Irina nodded. “I suppose...” I suppose if I want to create a relationship with the man my daughter so unfortunately loves, I need to sacrifice my pride.
“And don’t say that Dad or I told you to apologize,” Sydney said with a small smile as she remembered that long-ago swat on her butt and a firmly-worded set of instructions.
“Chickie.” Jack cleared his throat.
“Don’t---”
“Do what you need to do and I won’t call you chickie.”

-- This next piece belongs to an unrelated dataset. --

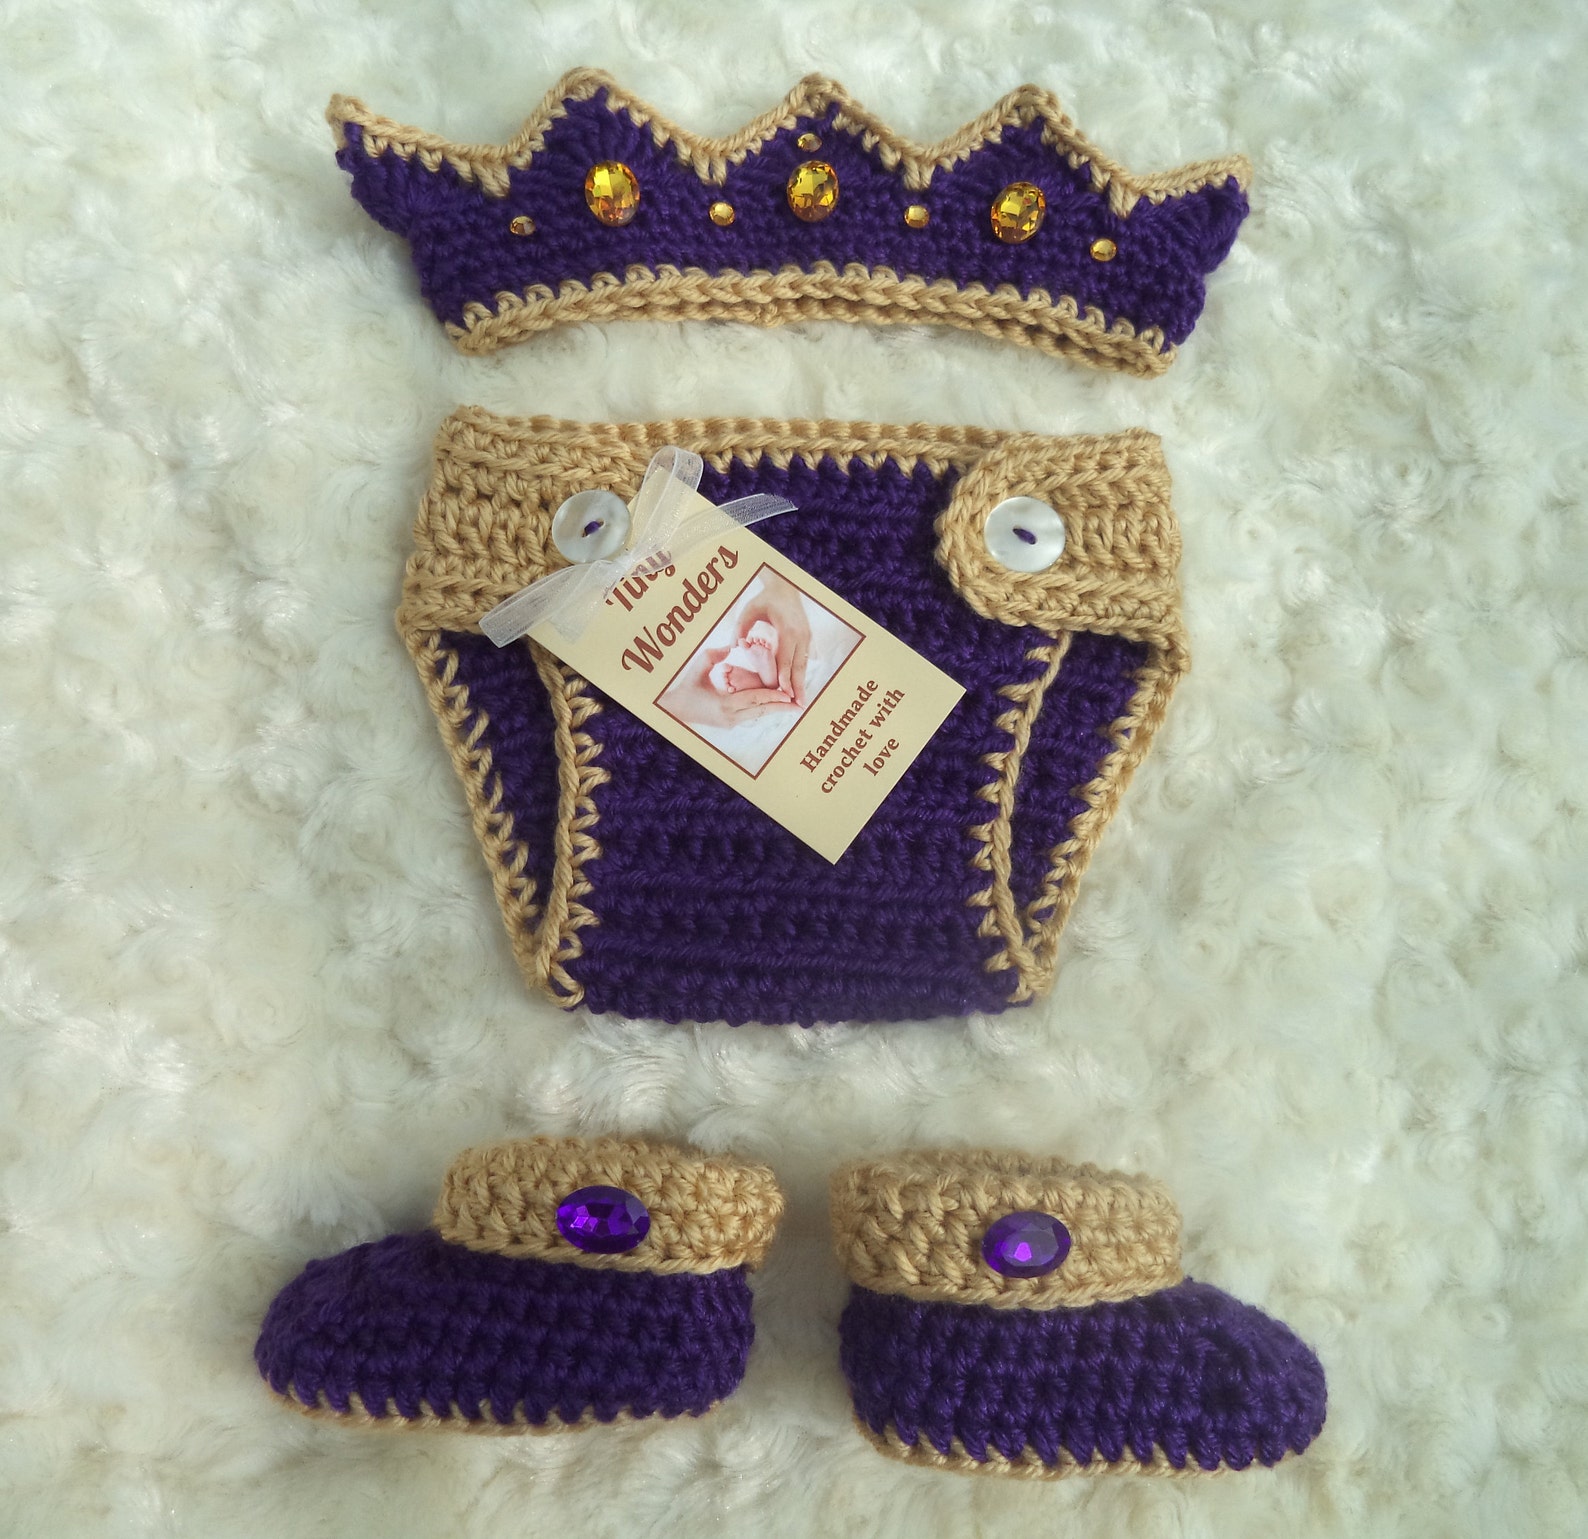 Crochet Baby King Crown Crochet Diaper Cover Set Crochet - Etsy
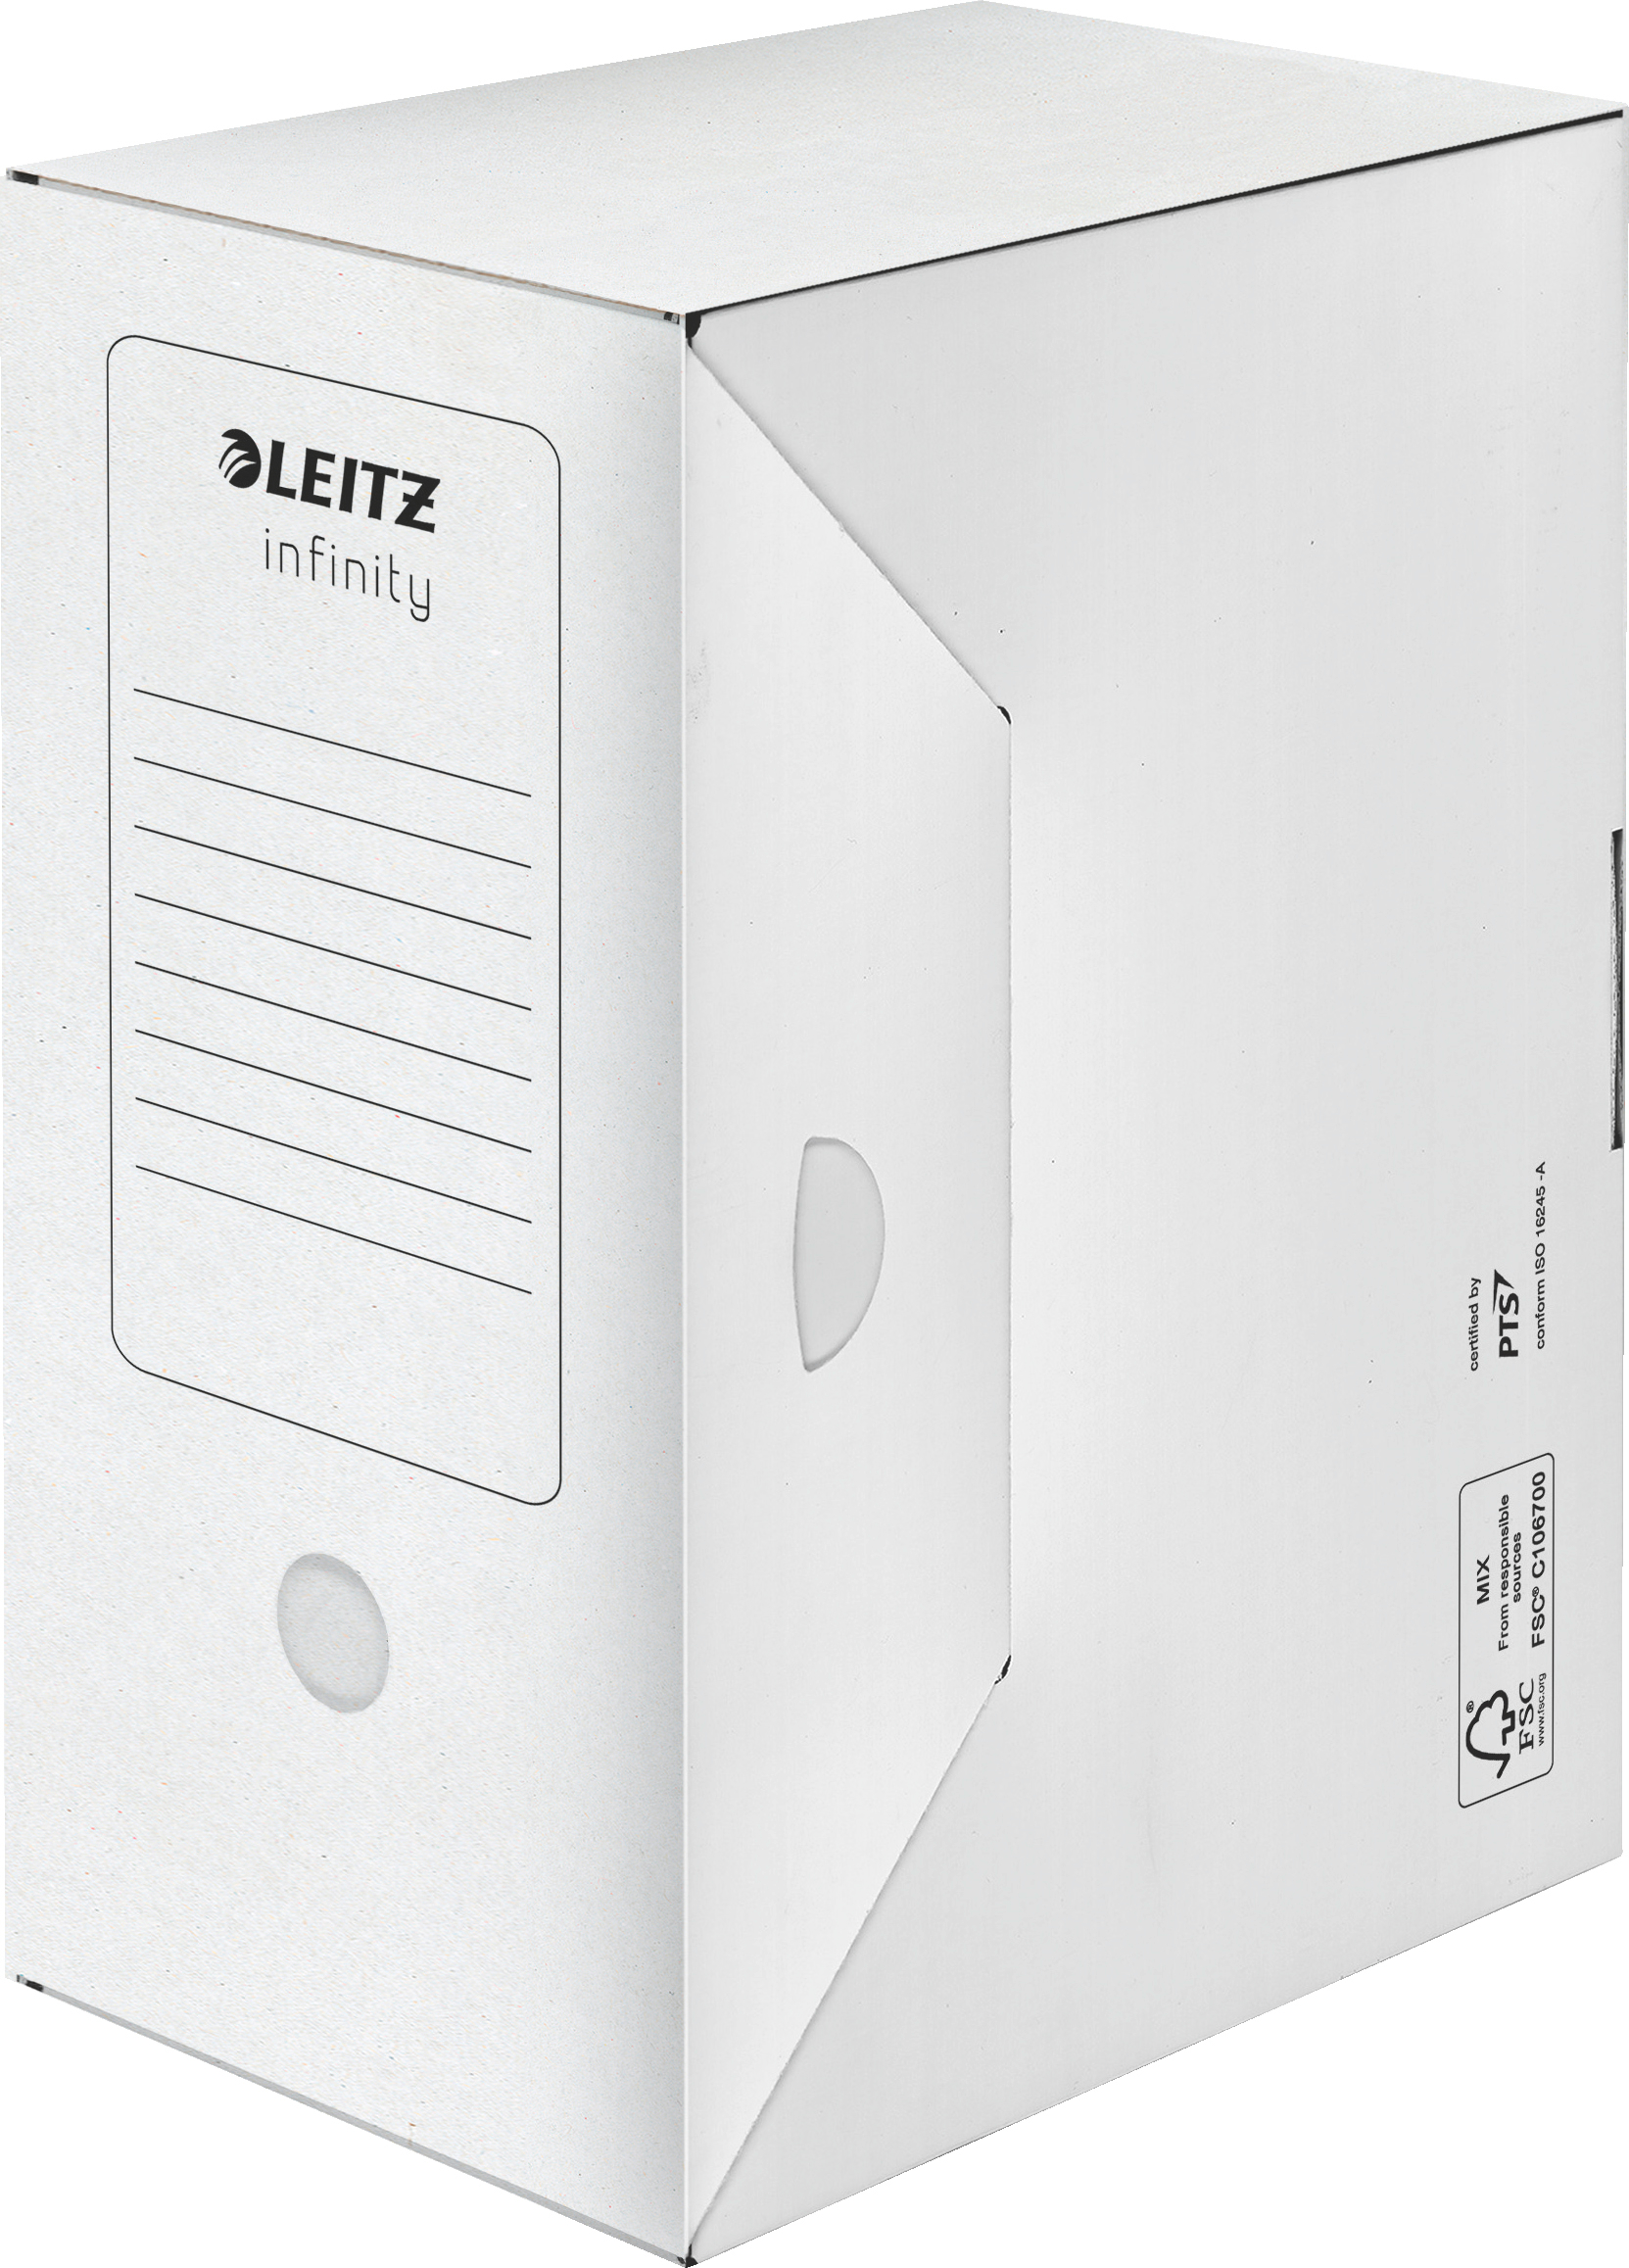 LEITZ Boîte d'archive Infinity 60920000 blanc 330x150x255mm blanc 330x150x255mm

“I’m not some child---” Irina stopped, knowing she was being as stubborn as Sydney had been so long ago. Looking over at Agent Vaughn in the dim greyness of the plane’s cargo hold as he leaned against the crates in the center, she firmed her lips and stood up. Somehow she had a feeling she’d rather go through childbirth again than have this conversation. But like childbirth, some moments in life had to be endured. “Agent Vaughn? Might I have a word with you?”